What excitement this season brings! Certainly, you’ve done it many times before; the rituals may be set in stone, the expectations ripe, and the patterns already unrolling. But there is something about the season of Advent that brings forth the kid in us, and we all lean into the hope. So, let the excitement grow; let the buzz be felt.
As adults, however, we know that there is work to be done before the season can really get underway. We are emphasizing community in this Advent worship series – Company Is Coming! We are emphasizing hospitality and inclusion. Our questions are: “How will you welcome the Christ who comes? But also, how will you welcome your neighbors and family you don’t know yet into your midst?”
We all know that even for those whose religious impulse might be minimal, there is something about this time of year that brings them out. This is our chance to make connections, to go all out in welcoming neighbors and strangers alike.
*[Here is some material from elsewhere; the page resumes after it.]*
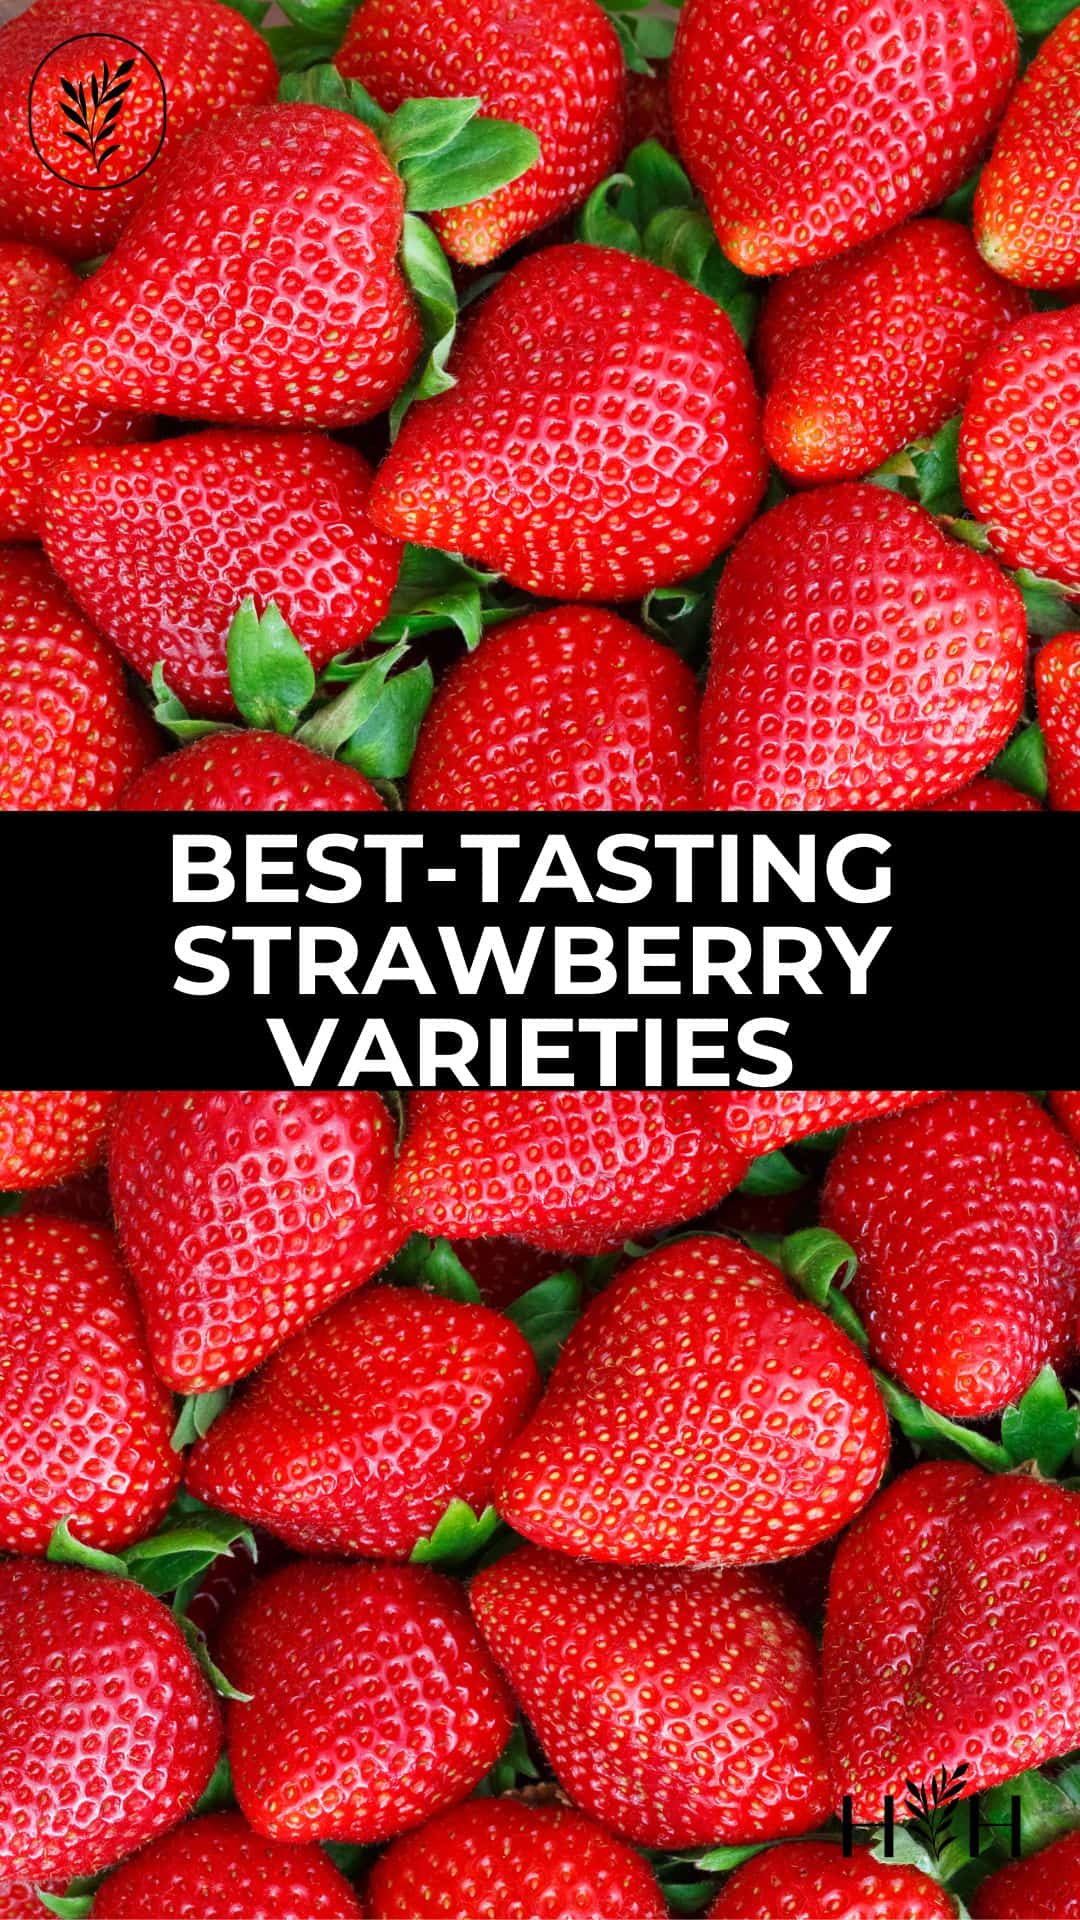 Best tasting strawberry varieties via @home4theharvest

So, throughout this series, we’ll be asking the worship team to pay attention not just to what happens in the sanctuary, but to what happens at the front doors and the fellowship areas. Here is an opportunity for us to remember that worship is not just an hour set aside, but it is a way of life for the community of faith.
So, if we are welcoming company, where do we start? By taking an honest look at our own space! What have we become used to, but would look like a community that doesn’t care about its space to a new person? This year, as you haul out the seasonal decorations, don’t let them cover up or hide the mess. Get rid of the mess before you make the space ready to receive your guests.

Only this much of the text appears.